The problem with Tom Brady’s outlook on health and wellness though, it that most of it is based on absolutely nothing. There is no reason why any of us should avoid nightshade vegetables (like eggplant or bell peppers), mushrooms, gluten, cooking oils, soy, or any of the other random things he has chosen to eliminate. The information he shares in his book is false, but as a prominent figure in sports he appears credible based on his status. He doesn’t even need to worry about what to feed his family on a daily basis, because the Bradys have a personal chef who prepares all their meals. It’s pretty easy to stand up on your soapbox and tell everyone else how to live when you don’t actually need to do it yourself.
Follow his advice and become the next Tom Brady? Yea, right.
The truth is, celebrities aren’t experts on health, nutrition, or fitness. They have teams of trainers, private chefs, coaches, stylists, makeup artists, and photo editors making sure they look the way they need to for a role or a walk down the red carpet. They can afford to have someone cooking all of their meals and look after their children while they hit the gym for hours every day. They live in a completely different world than most of us, and their impractical nutrition, fitness, and supplement advice just doesn’t translate to the real world.

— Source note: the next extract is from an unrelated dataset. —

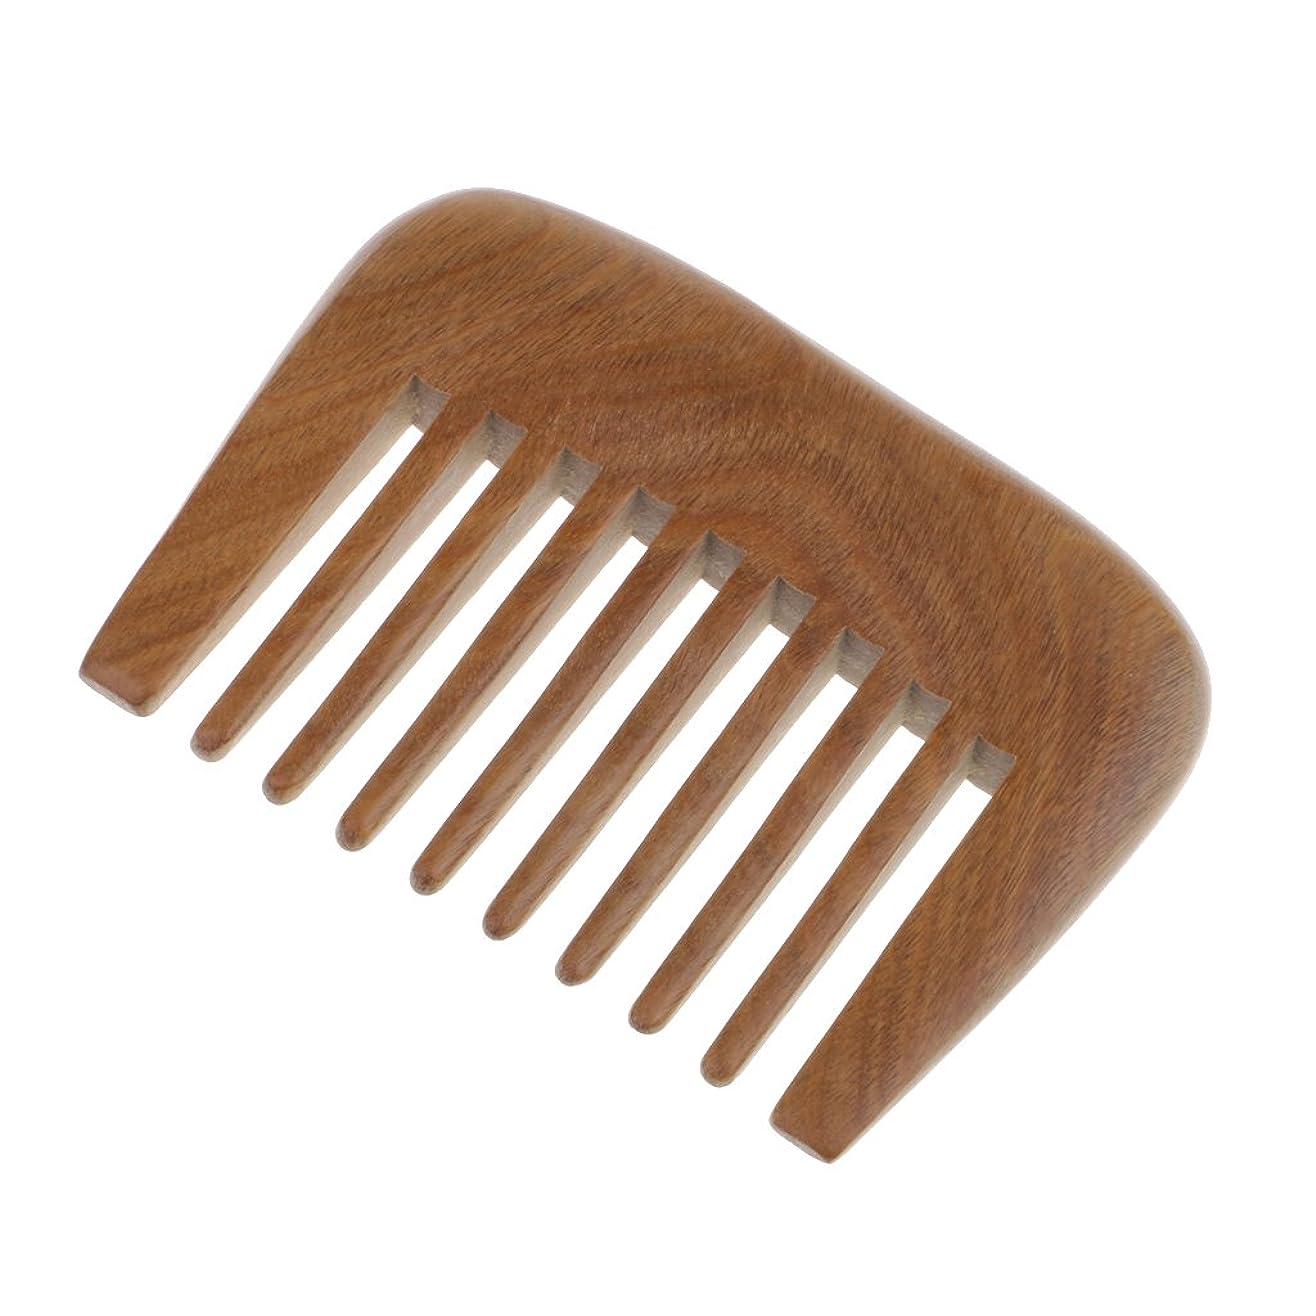 征服する応じるどちらかCUTICATE 天然木広い歯の櫛Detanglerブラシ帯電防止グリーンビャクダン

My advice? leave all of the trends, detoxes, diets, and supplements behind. Rather than spending your hard-earned money on a bunch of pills or shakes, invest in your health for real by buying more fresh, whole foods. Spend more time cooking healthy meals and enjoying healthy food instead of paying attention to what all the stars are doing. Make YOU the focus of your health!
If you have questions about finding your best diet talk to a REAL expert on the subject- a Registered Dietitian!